Solving the Robust and Integrated Aircraft Routing and Crew Pairing Problem in Practice   View Paper
Oliver Weide (Ph.D. student at University of Auckland, New Zealand)

Abstract: We formulate an integrated aircraft routing and crew pairing model that yields solutions for both problems that incur small costs and are robust to typical stochastic variability in airline operations, i.e. effects of delays occurring in operations are minimised. We propose two new solution methods to solve the integrated model. The first approach is an optimisation based heuristic that is capable of generating good quality solutions quickly, the second approach utilises Dantzig-Wolfe decomposition to solve the integrated model to optimality. Using data from domestic Air New Zealand schedules, we evaluate the benefits of solving the integrated model on real world problem instances. Our solutions satisfy all rules imposed on aircraft routings and crew pairings and are ready to be implemented in practice. We obtain solutions that dramatically improve costs and robustness of solutions obtained by traditional methods. We also compare our approaches with an existing Benders decomposition approach.

 

Anna Valicek Medal - 2007


The AGIFORS council has received 9 submissions for Anna Valicek Medal 2007.  The council has selected two papers as candidates for the Anna Valicek Medal. The authors were invited to present their work on the 47th annual symposium in Bangkok. Finally the AGIFORS council came to the following decision:

 

Juan José Miranda Bront

Winner Anna Valicek Medal 2007
Juan José Miranda Bront (Student at University of Buenos Aires)

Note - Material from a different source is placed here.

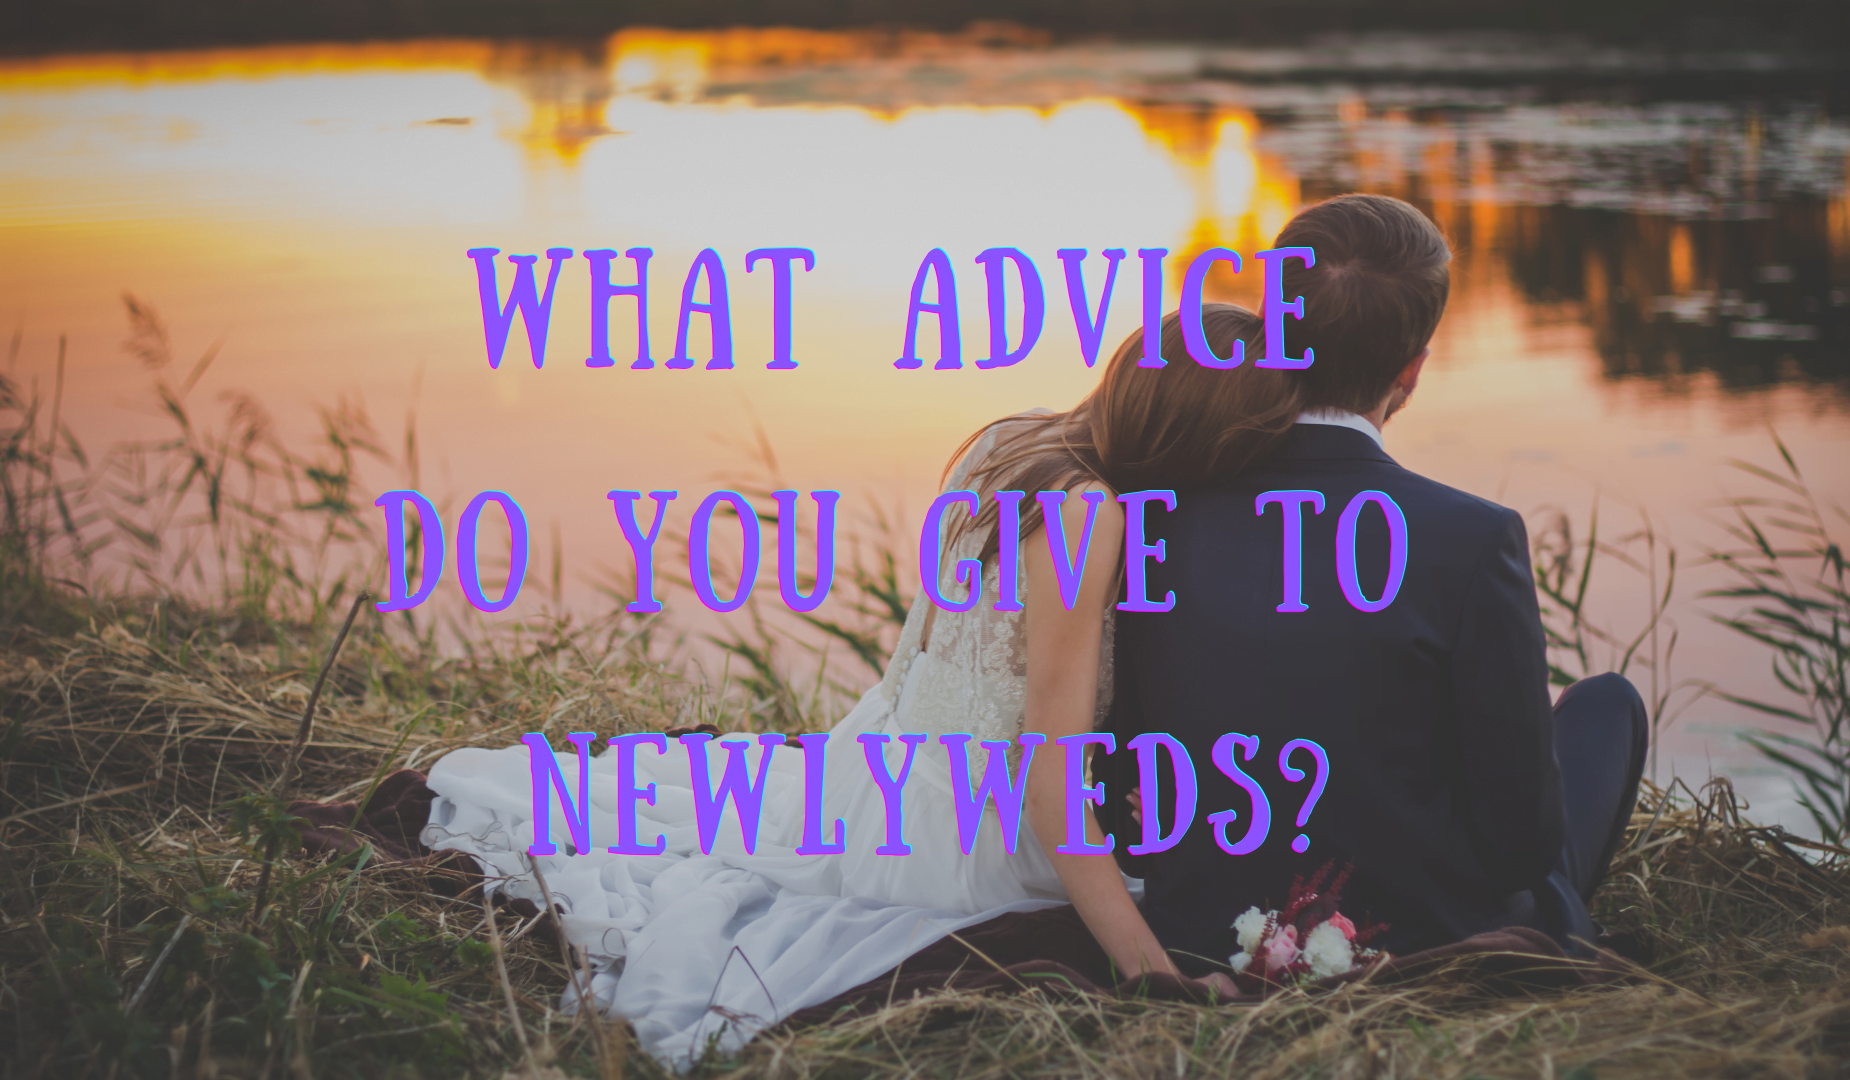 What Advice Do You Give To Newlyweds?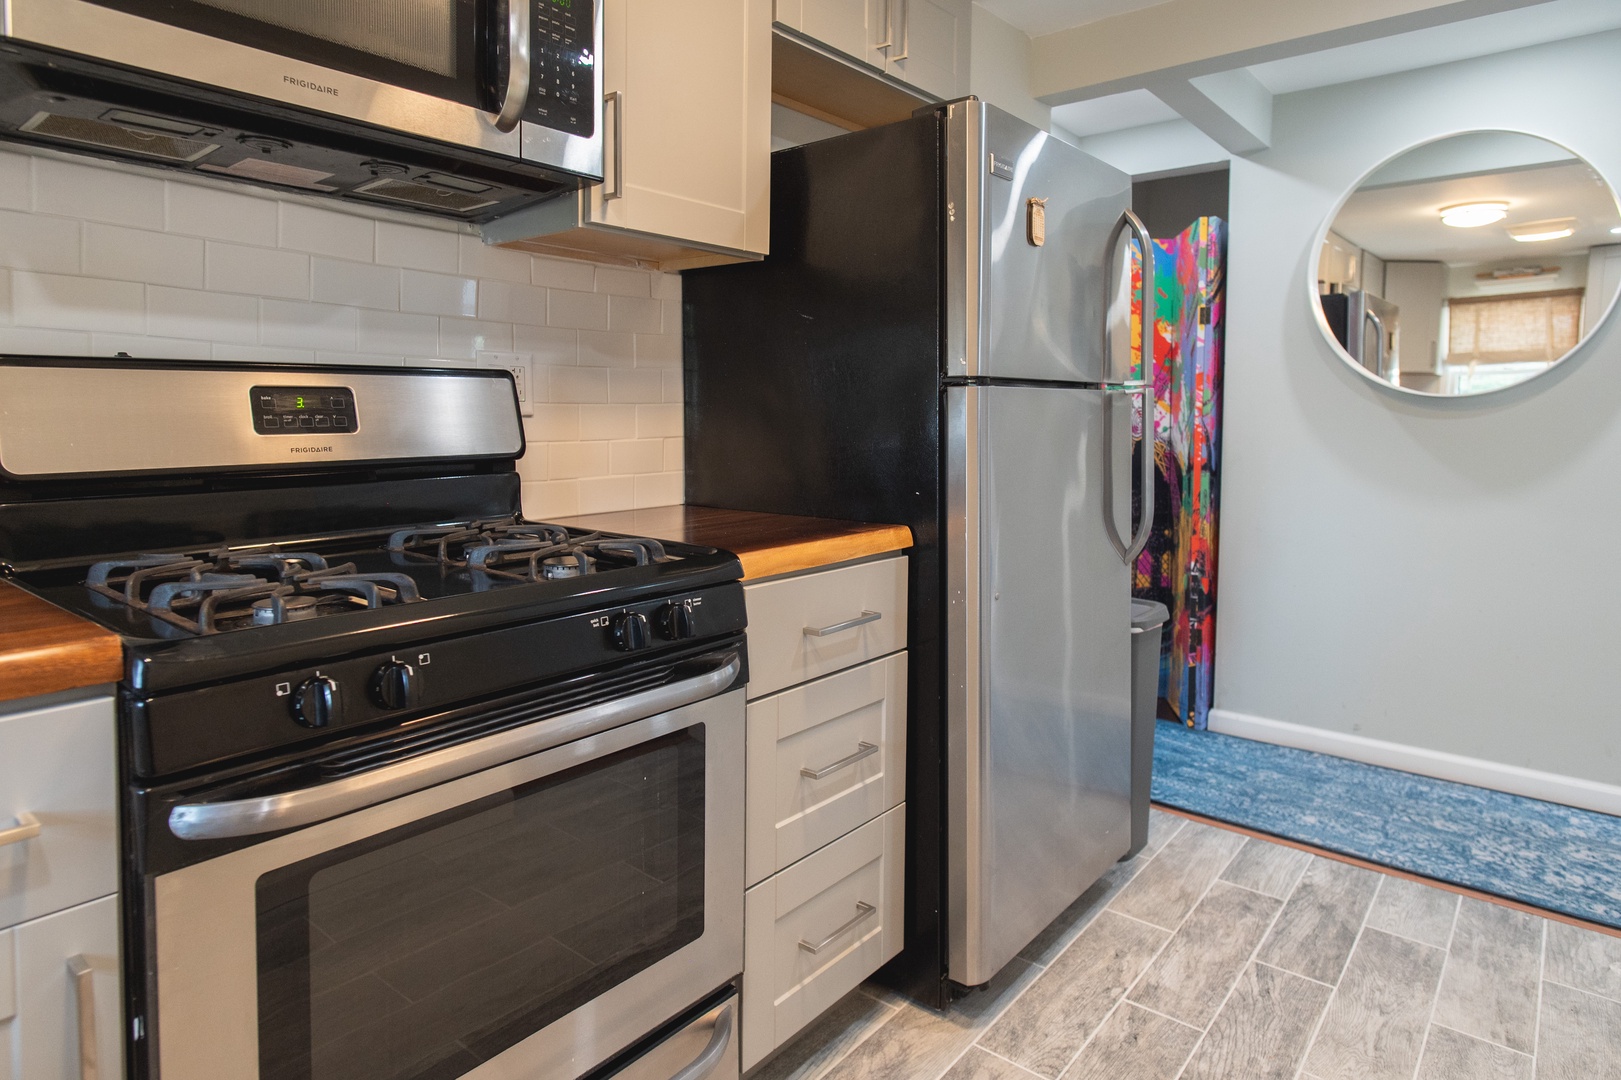 The apartment’s cozy kitchen offers ample space & all the comforts of home

A column generation algorithm for choice-based network revenue management   View Paper

Abstract: In the last few years, there has been a trend to enrich traditional revenue management models built upon the independent demand paradigm by accounting for customer choice behavior. This extension involves both modeling and computational challenges. One way to describe choice behavior is to assume that each customer belongs to a segment, which is characterized by a consideration set, i.e., a subset of the products provided by the firm that a customer views as options. Customers choose a particular product according to a multinomial-logit criterion, a model widely used in the marketing literature. In this paper, we consider the choice-based, deterministic, linear programming model (CDLP) of Gallego et al., and the follow-up dynamic programming (DP) decomposition heuristic of van Ryzin and Liu, and focus on the more general version of these models, where customers belong to overlapping segments. To solve the CDLP for real-size networks, we need to develop a column generation algorithm. We prove that the associated column generation subproblem is indeed NP-Complete, and propose a simple, greedy heuristic to overcome the complexity of an exact algorithm. Our computational results show that the heuristic is quite effective, and that the overall approach has good practical potential and leads to high quality solutions.

 

Geert de Maere

Finalist Anna Valicek Medal 2007
Geert De Maere (Ph.D. student at University of Nottingham)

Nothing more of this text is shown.